__Recorded data__:
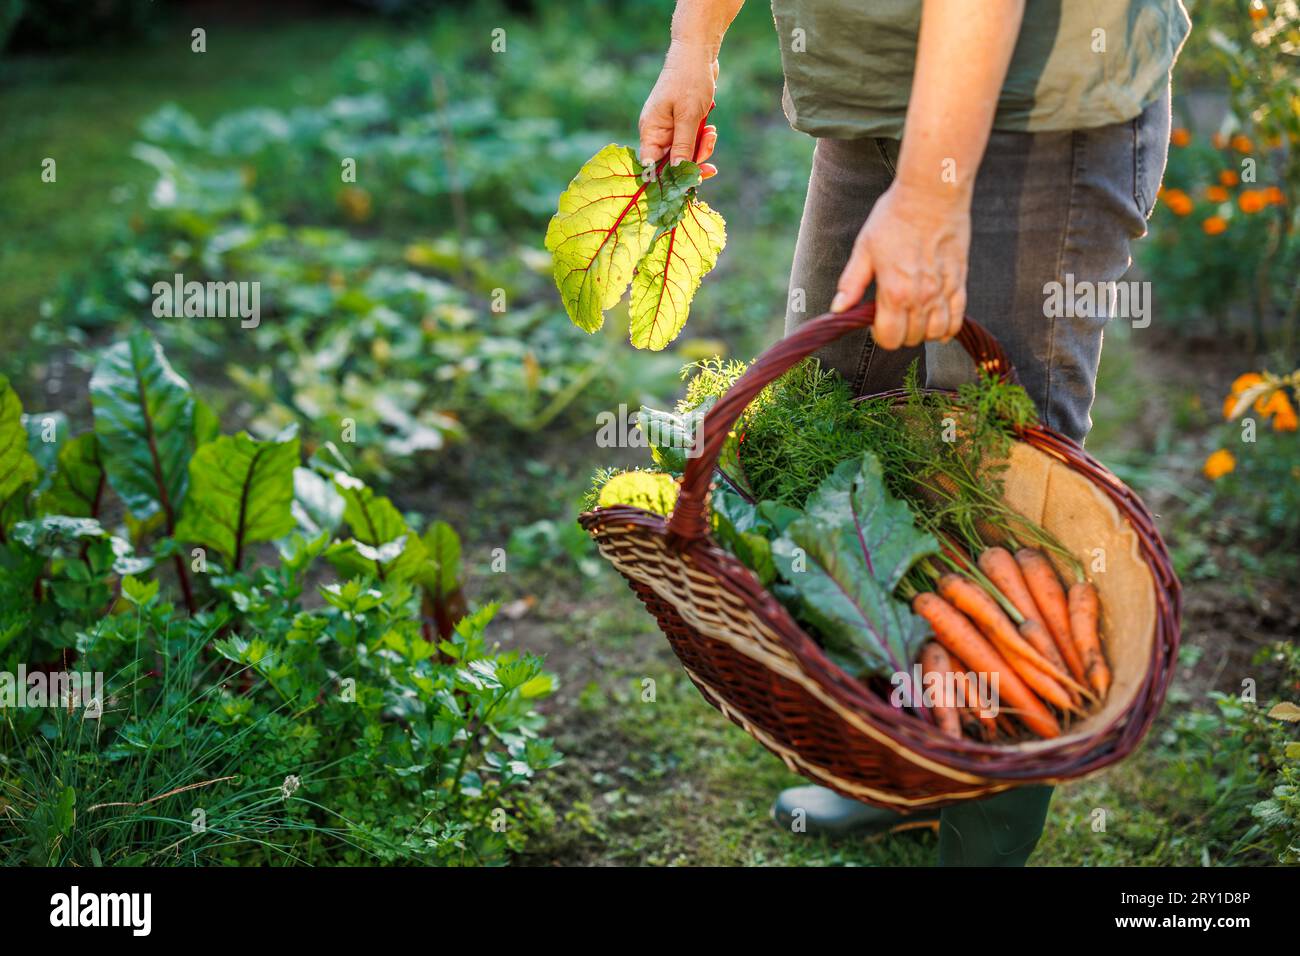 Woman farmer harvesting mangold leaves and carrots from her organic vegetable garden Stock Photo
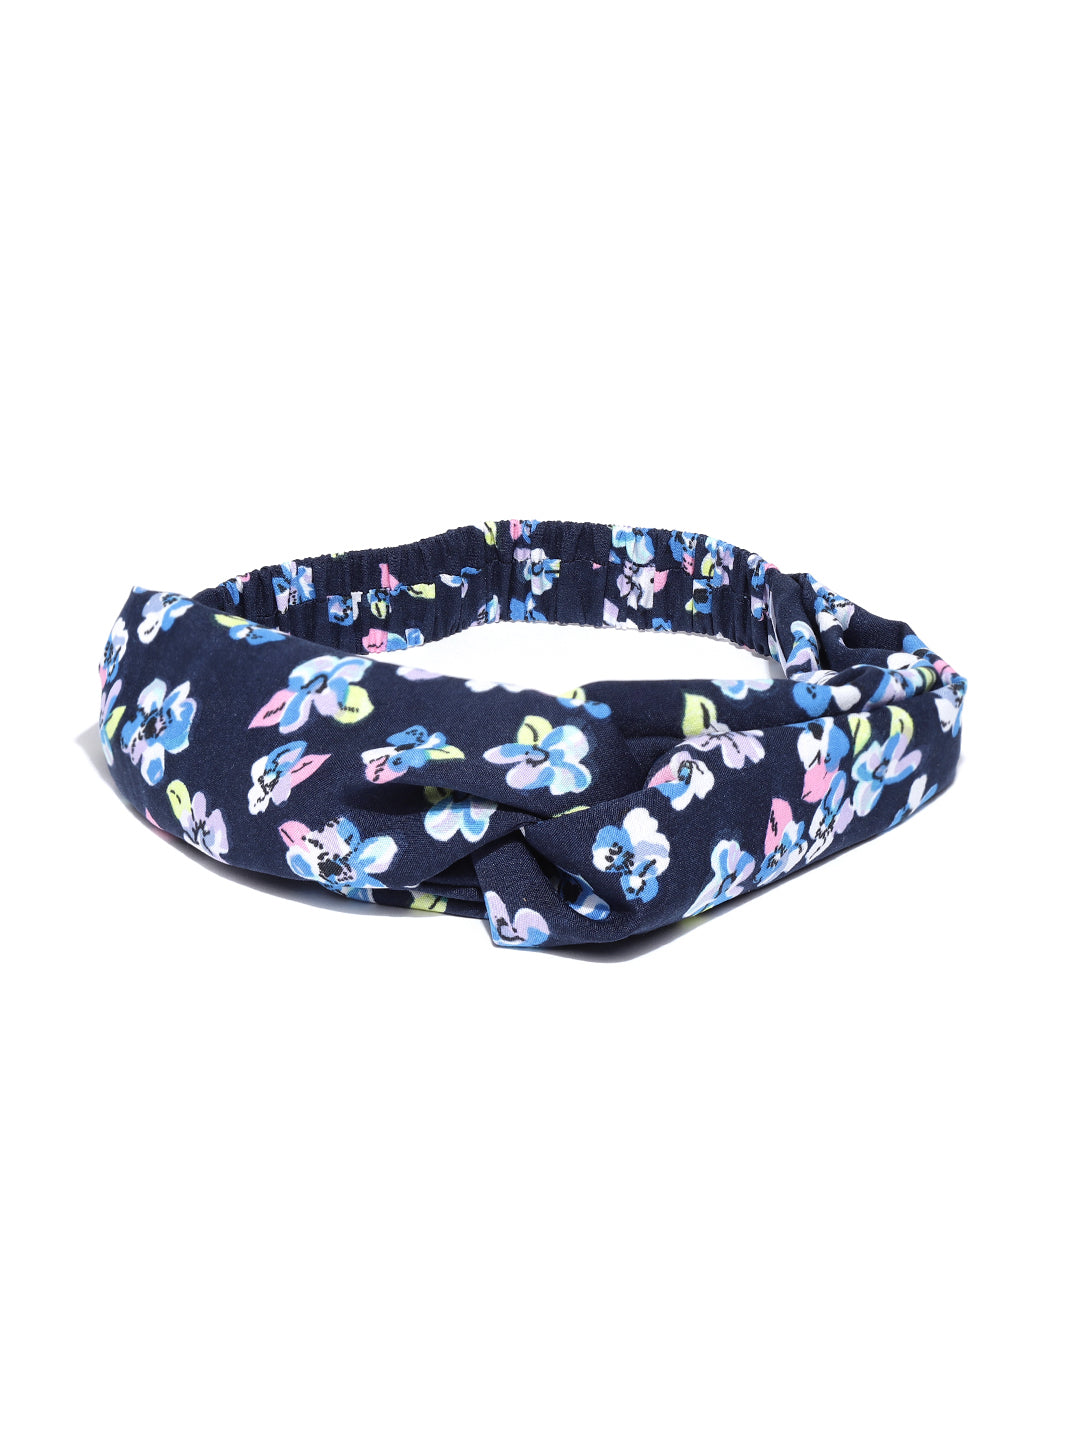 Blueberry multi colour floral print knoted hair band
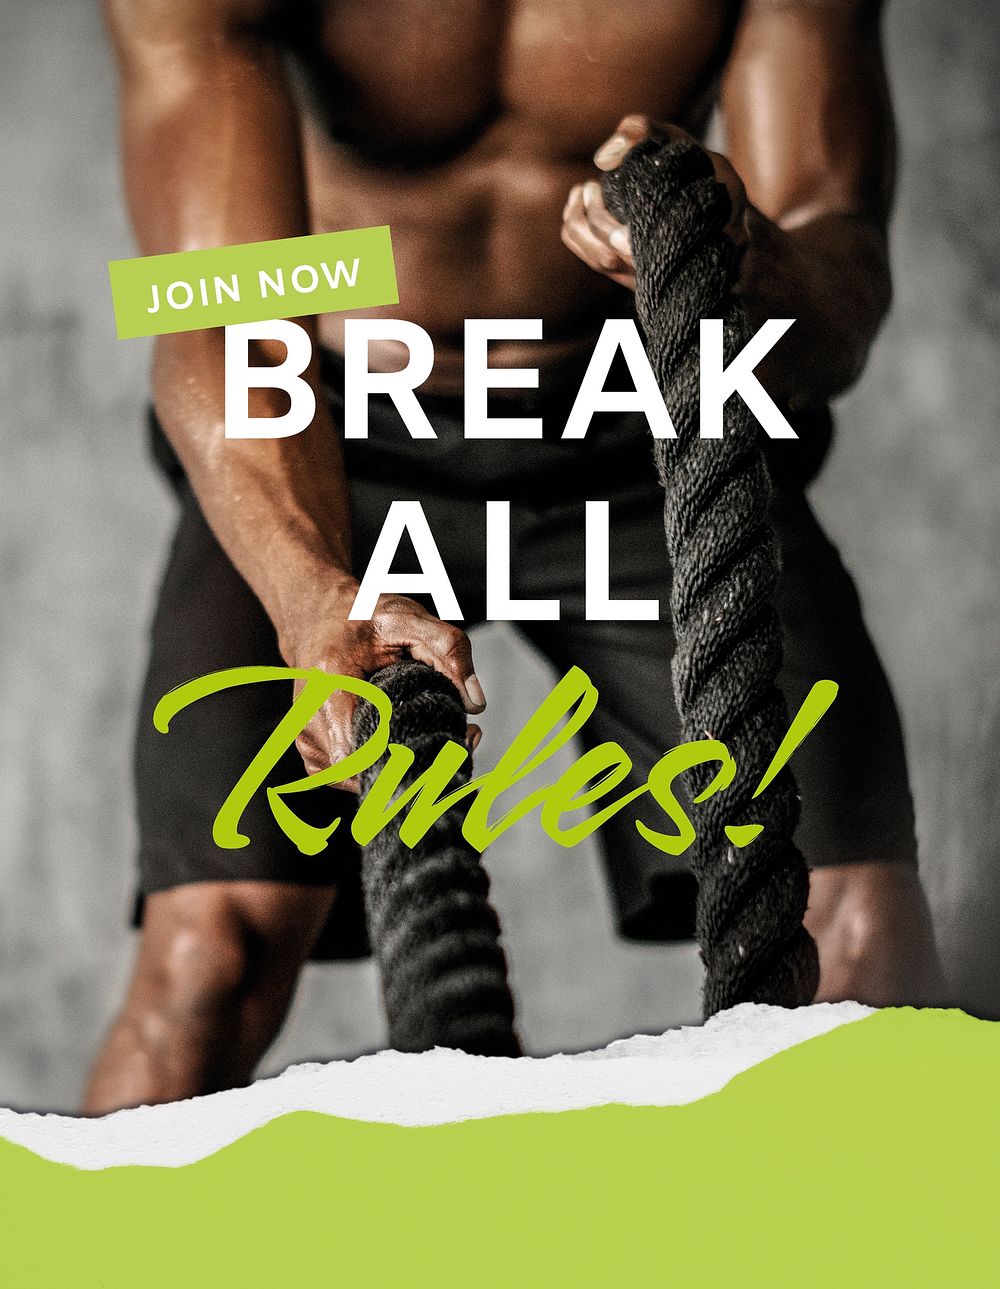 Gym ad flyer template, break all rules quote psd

__What the task asks__:
Without the pictures, give every line of the data again, exactly as written.

__Exercise solution__:
 Woman farmer harvesting mangold leaves and carrots from her organic vegetable garden Stock Photo
 Blueberry multi colour floral print knoted hair band
 Gym ad flyer template, break all rules quote psd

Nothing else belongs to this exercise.